___ Entries supplied
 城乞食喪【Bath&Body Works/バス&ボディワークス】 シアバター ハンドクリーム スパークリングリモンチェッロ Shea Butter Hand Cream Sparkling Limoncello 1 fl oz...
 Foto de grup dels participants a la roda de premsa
______
___ Entries supplied
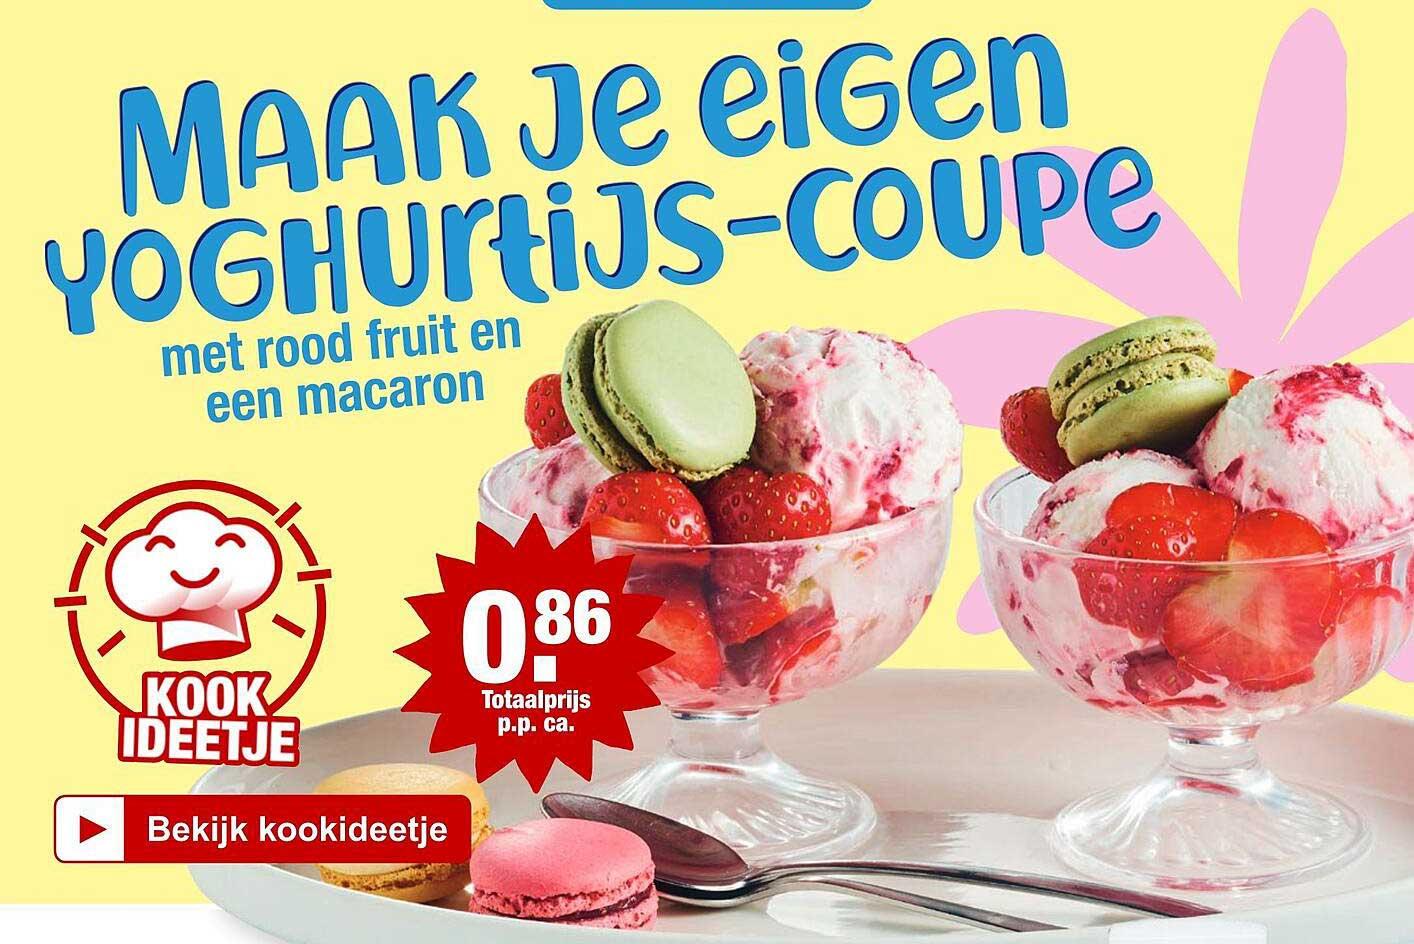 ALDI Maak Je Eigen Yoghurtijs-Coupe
______
[Exercise instructions] In the listing above, find the line with "城乞食喪【Bath&Body Works/バス&ボディワークス】 シアバター" and the line with "Foto de grup", then print exactly those lines and every line between them.

[Problem solution]
 城乞食喪【Bath&Body Works/バス&ボディワークス】 シアバター ハンドクリーム スパークリングリモンチェッロ Shea Butter Hand Cream Sparkling Limoncello 1 fl oz...
 Foto de grup dels participants a la roda de premsa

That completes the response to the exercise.